At the time there was a single statistical measure routinely used to compare mortality in hospitals across the NHS – Hospital Standardised Mortality Ratio (HSMR). HSMR is calculated by taking the observed death rate and dividing it by a calculated figure for an ‘expected’ death rate. The expected death rate is essentially the death rate in hospitals for the whole of the UK with a number of adjustments made in order to compensate for differences in case mix (the diagnoses patients are admitted with), age, co-morbidity and social deprivation. The ratio is multiplied by 100, so if your observed death rate is the same as the expected then the ratio is 1.0 and the HSMR would be 100. When observing mortality in a population it is important to recognise that over time mortality will always increase (we all have to die eventually) – therefore when comparing mortality in different populations we have to know over what time period mortality has been counted (usually 30 days, 90 days, 1 year or 5 years). One of the weaknesses of HSMR is that it does not specify the time period – it is simply the time spent in hospital – therefore a hospital with a longer than average length of stay will tend to have a higher mortality. Another weakness of HSMR is that it does not have a diagnostic category code for palliative care. The provision of out of hospital end of life services across the UK is at best patchy, where provision is poor patients are admitted to hospital to die, HSMR does not adjust for these expected deaths and so hospitals in this situation will have a higher than ‘expected’ HSMR. As a result of these statistical biases, HSMR is being replaced by a newer indicator – Standardised Hospital Mortality Indicator (SHMI). SHMI is very similar to HSMR but differs in two important aspects. Firstly it expands the number of diagnostic codes against which case mix adjustment takes place from 56 to 140, including one for palliative care. Secondly it fixes the number of days over which mortality is measured to 30 days after discharge.

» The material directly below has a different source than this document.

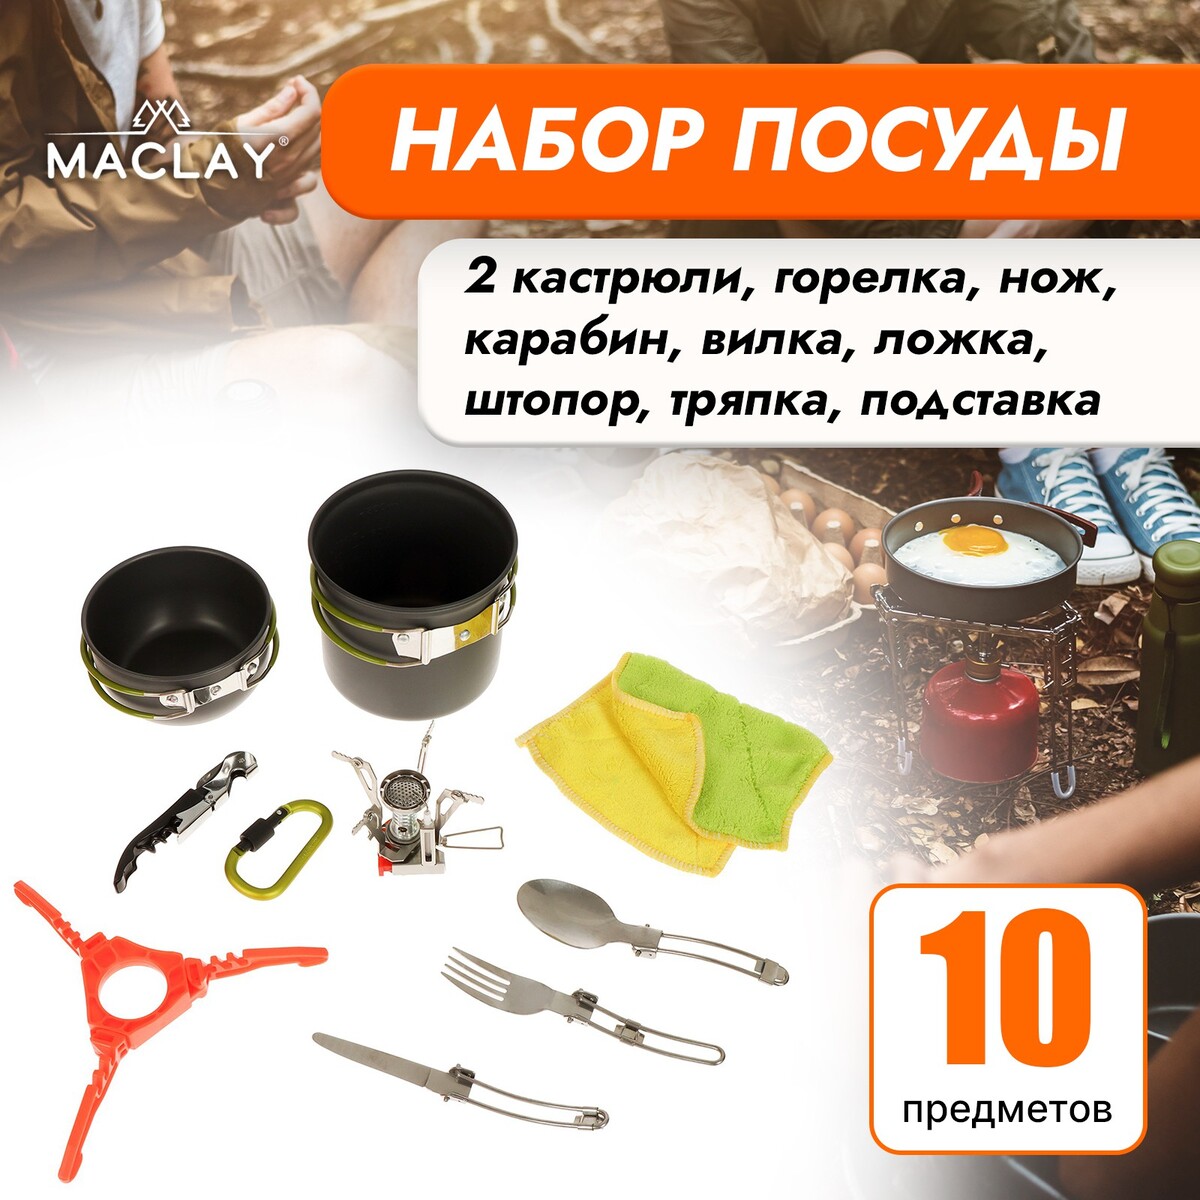 Набор туристической посуды maclay: 2 кастрюли, приборы, горелка, штопор, тряпка, карабин набор штопор пробка каплеуловитель

The other important thing to recognise about mortality statistics – is that they are just that; statistics. As such reliability depends on sample size and confidence intervals. As a rule of thumb a condition with an expected mortality rate of 10% needs a sample size of about 200 cases before the confidence interval falls to a point where a doubling (or halving) of the observed rate can be explained by anything more than random chance. This is best illustrated graphically by the ‘funnel plot’ an example of which is below – and explained simply in this article here.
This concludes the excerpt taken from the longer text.